Key equations: - $\chi = C_\mu - E$ (definition of crypticity) - $E \leq C_\mu$ (structure can't exceed storage) - $h_\mu \leq H(X)$ (entropy rate ≤ marginal entropy)

10.6 Which measure should I report?¶

For most purposes, report Cμ and hμ together. They give the complete picture: - Cμ: The memory/structure side - hμ: The randomness side

Add E if you're studying correlations, and χ if you're interested in "hidden" structure.

10.7 Are these measures robust to noise?¶

Moderate noise (< 10%) typically: - Increases Cμ slightly (noise adds spurious states) - Increases hμ (more apparent randomness) - Decreases E (correlations are obscured)
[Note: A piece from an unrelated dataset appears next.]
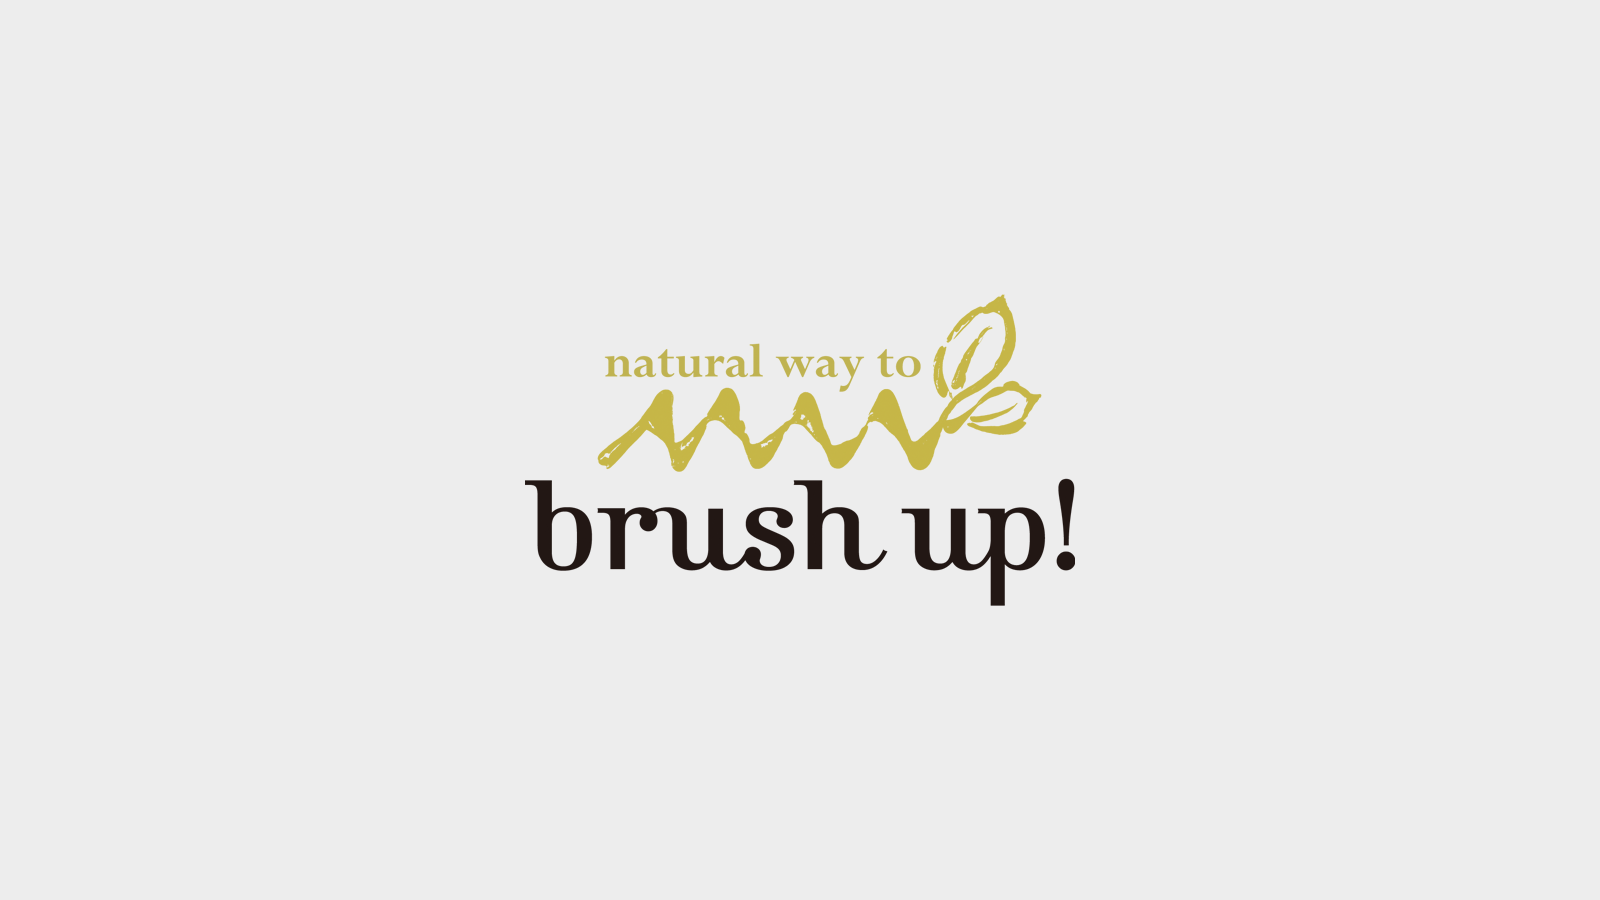 brush up!

Use BitFlipNoise to study robustness:

from emic.sources import GoldenMeanSource, TakeN, BitFlipNoise

source = GoldenMeanSource(p=0.5, _seed=42)
noisy = source >> BitFlipNoise(flip_prob=0.05, seed=123) >> TakeN(10_000)

Summary¶

Measure	Symbol	Question Answered	Range
Statistical Complexity	Cμ	How much memory for optimal prediction?	0 to ∞
Entropy Rate	hμ	How much is irreducibly random?	0 to log₂(\|A\|)
Excess Entropy	E	How much past-future correlation?	0 to ∞
Crypticity	χ	How much structure is hidden?	0 to Cμ

Key relationships: - Random processes: Cμ = 0, hμ = max - Deterministic processes: hμ = 0 - "Interesting" processes: Moderate Cμ and hμ - Always: E ≤ Cμ, χ = Cμ - E

These measures, developed through computational mechanics, provide a principled vocabulary for describing the complexity of stochastic processes.